-- Exercise data follows --
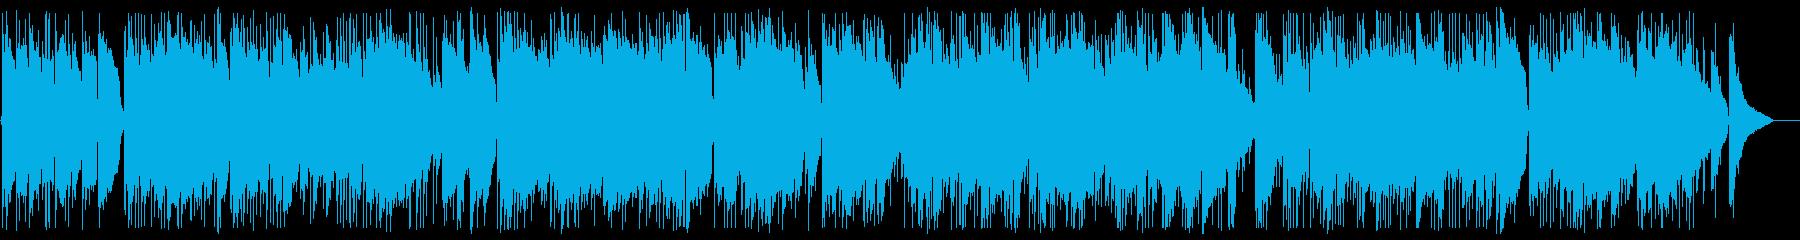 ギターデュオのリゾート系ヒーリングの再生済みの波形
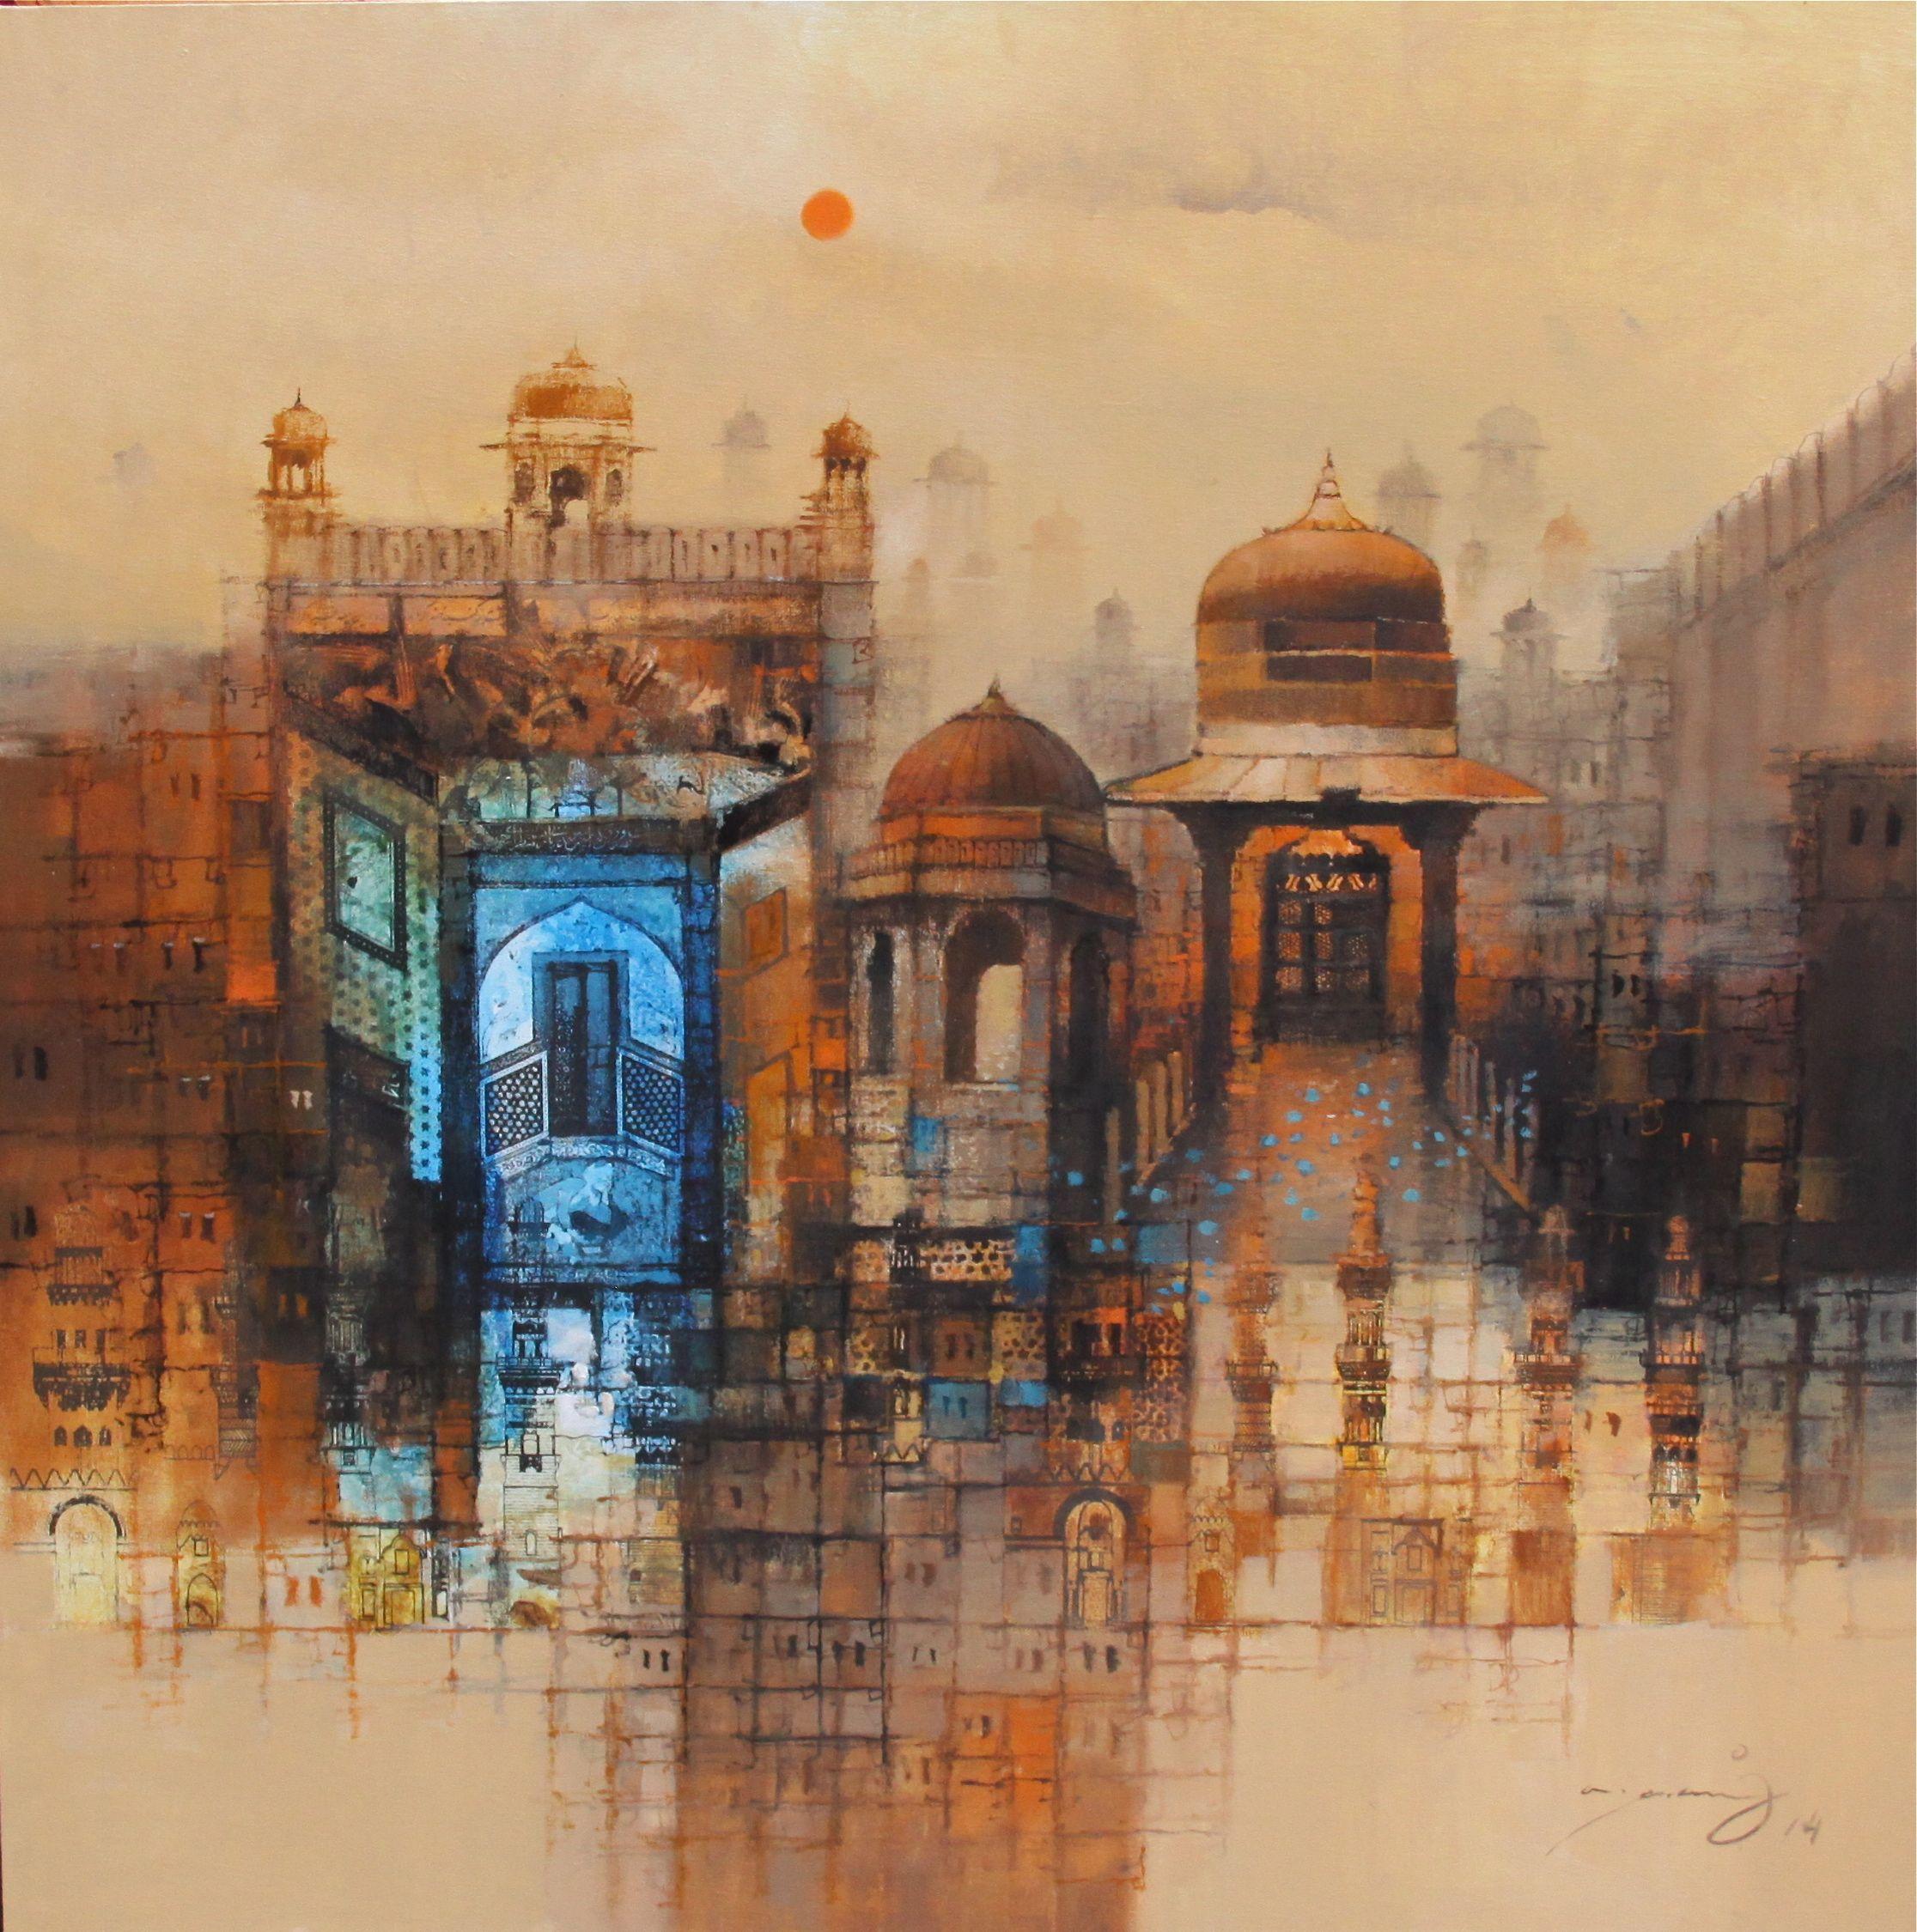 A.Q.Arif Pakistan Cool artwork, Art, Contemporary art
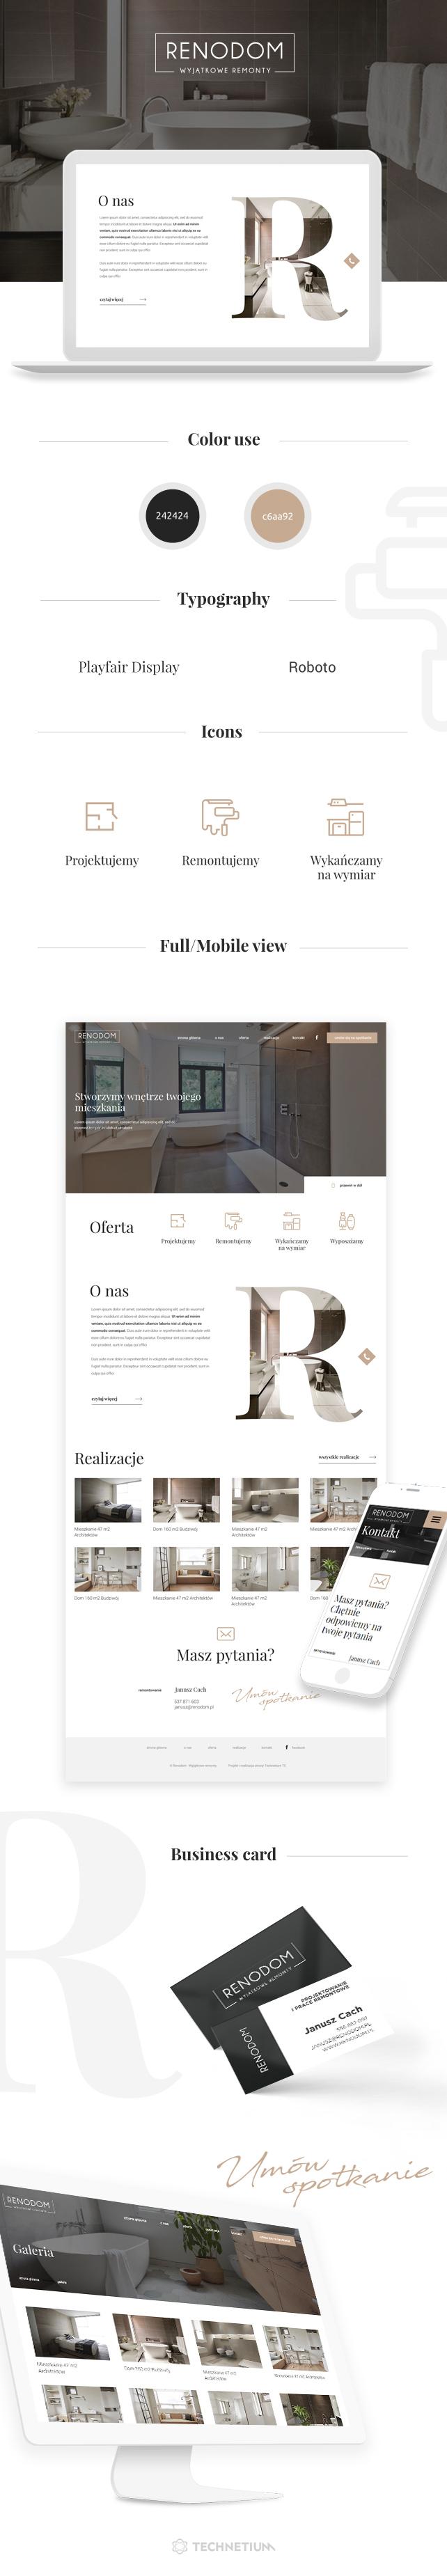 Strona www, identyfikacja wizualna Renodom
-- Exercise data concluded --
All that belongs in the answer is the exact run of lines from the line containing "A.Q.Arif Pakistan Cool" to the end of the listing above, pictures removed.

■ **Worked solution**:
 A.Q.Arif Pakistan Cool artwork, Art, Contemporary art
 Strona www, identyfikacja wizualna Renodom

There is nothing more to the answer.